SELECT submission_date, hacker_id, COUNT(*) 
FROM submissions
GROUP BY submission_date, hacker_id;

In the query above, we have used the COUNT(*) function. This counts the number of rows in our table. In this case, we have also specified two columns in our query, 'submission_date', and 'hacker_id'. If we didn't have a GROUP BY clause, then we would get back a table where each row contains a date, hacker_id and the number of rows in the table as a whole. When I tried to do this, an error was thrown. The total number of rows in a table is usually a standalone query.

In this case, we are counting the number of rows in each category (after the rows have been sorted into each category). The categories are created using the GROUP BY statement. Here, we are saying: take all of the submissions that have the same date, and the same hacker_id associated with them and put them in their own group. Then return how many rows are in that group. So each row in our results table will contain a 'submission_date', a 'hacker_id', and the number of times the same submission date and hacker id appeared in our table. Each row will represent the whole group, so will only show the one row, where only the count is different.

If this doesn't make sense yet, that's okay. It's a cue to find some GROUP BY exercises to play with until it does make sense. Which won't take long. Many people go years not really understanding stuff like this and just using it without really knowing how it works, only to find that a couple of hours experimenting changes leads to an 'aha' moment that has a cascading effect. For example, if you know how to use COUNT in conjunction with GROUP BY, then you know how to use SUM, AVG etc in the same way too.

Okay, the next step is to only return the rows where hackers made at least 1 submission each day. This means we need to add a condition to our statement. We can't use a WHERE clause here because it only works for rows before they have been summarized into groups by the GROUP BY clause.
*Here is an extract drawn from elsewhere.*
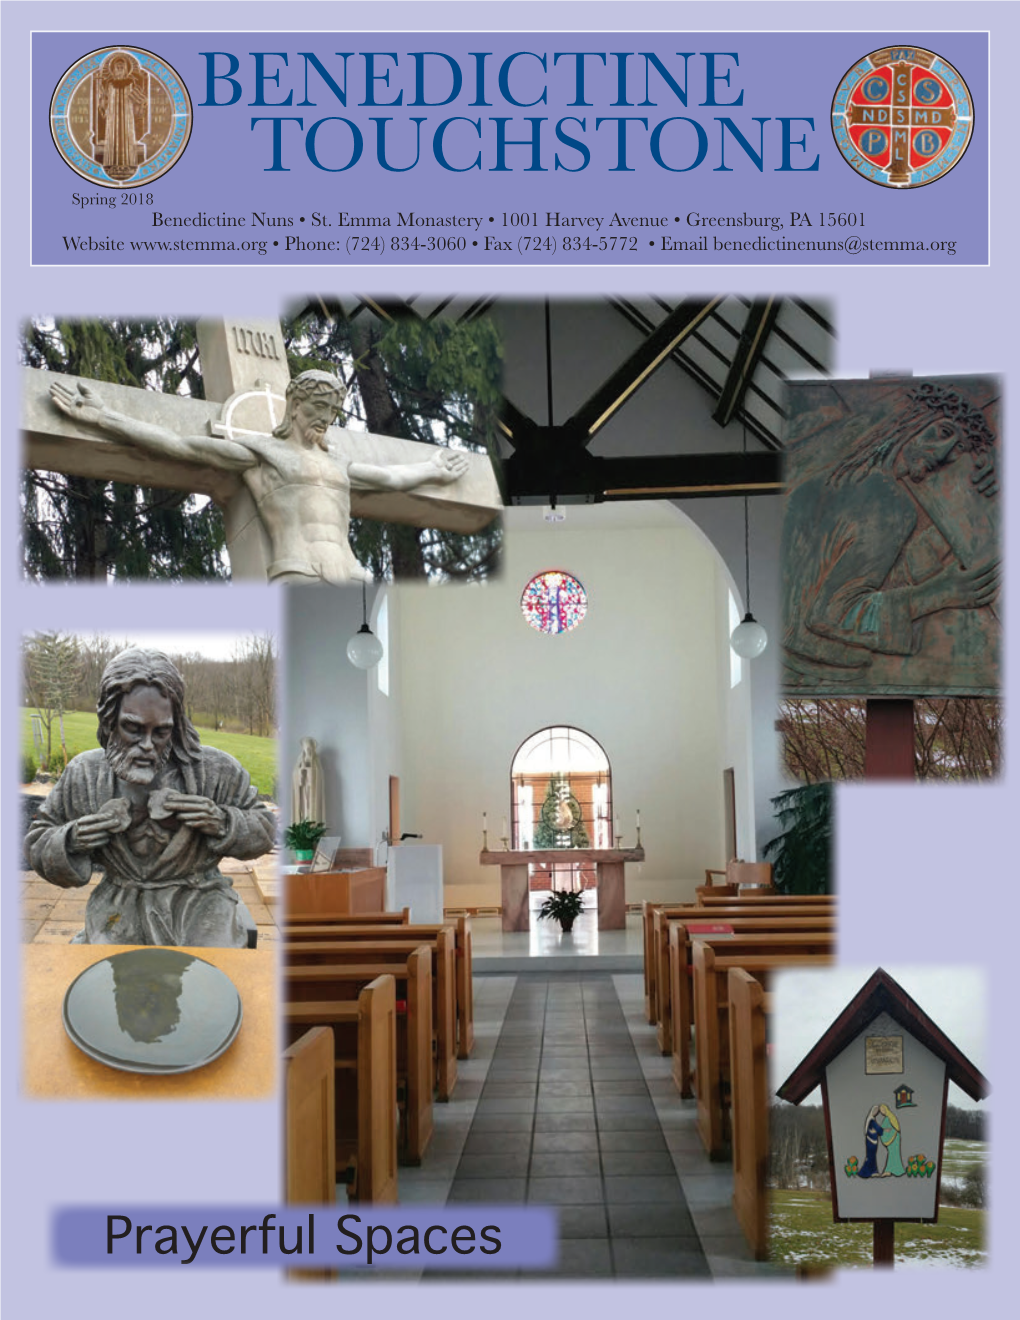 Touchstone Benedictine
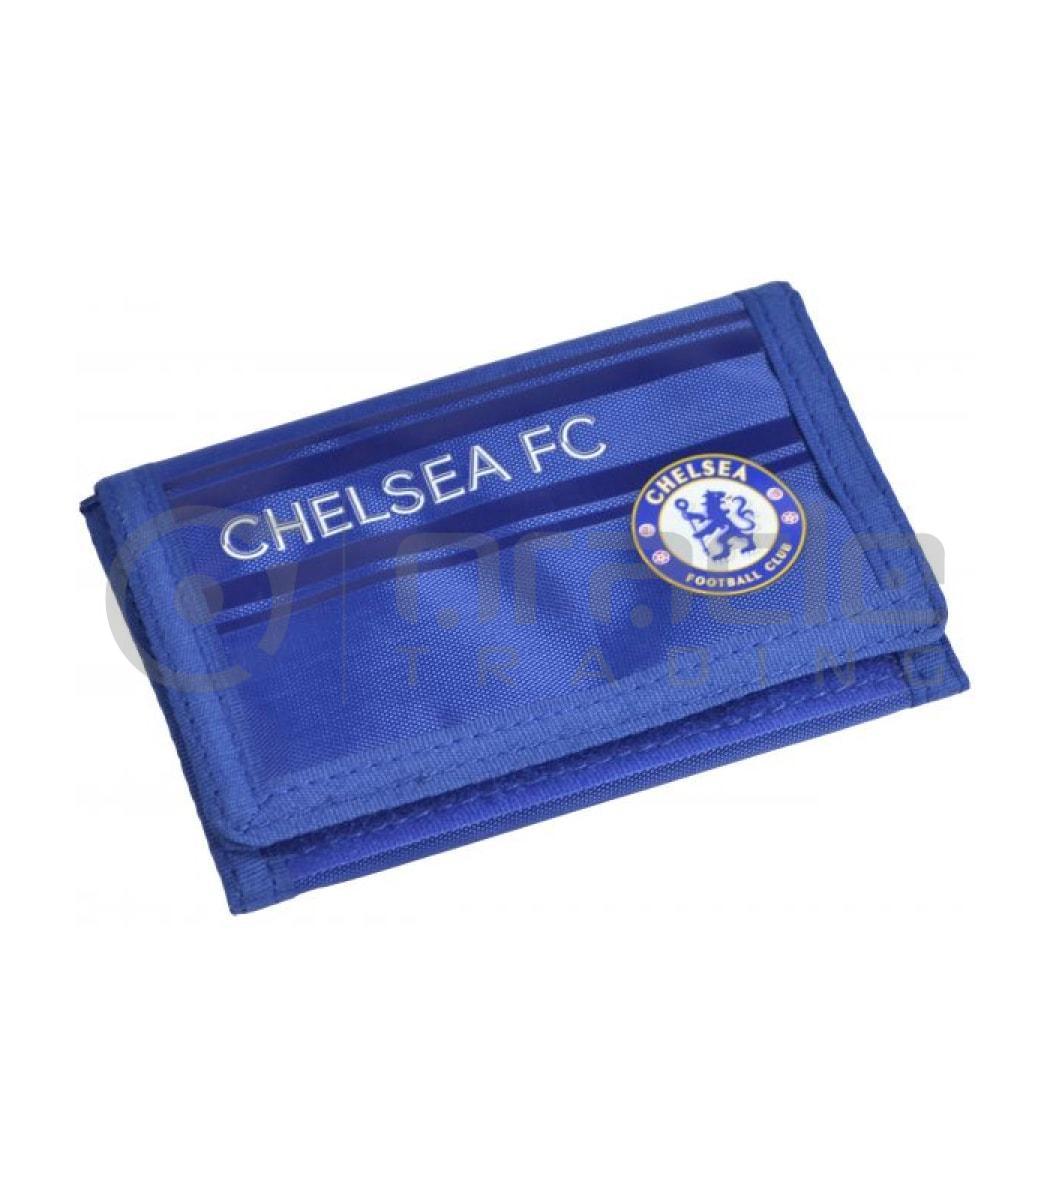 Chelsea Crest Wallet

So we need to use HAVING, which is just like the WHERE clause, but is applied after the rows have been summarized into groups, which is exactly our situation.

SELECT submission_date, hacker_id, COUNT(*)
FROM submissions
GROUP BY submission_date, hacker_id

In the query above, we have added a condition that says, only include counts greater than or equal to 1. I could have also used '>0', which does the same thing, but thought that 'greater than or equal to 1' reads much closer to the original problem statement which says 'at least 1', not 'bigger than zero'.

So, now we have a query that shows us a list of hackers who made at least one submission per date. This isn't quite the solution our problem is looking for but we are much closer than we were. We are actually looking for hackers who made at least one submission EVERY day, not just on each day they submitted. We have also written a fairly complex (not complicated) query pretty easily, by taking very small, experimental baby steps. Hopefully you are now in a position to continue solving this problem by yourself.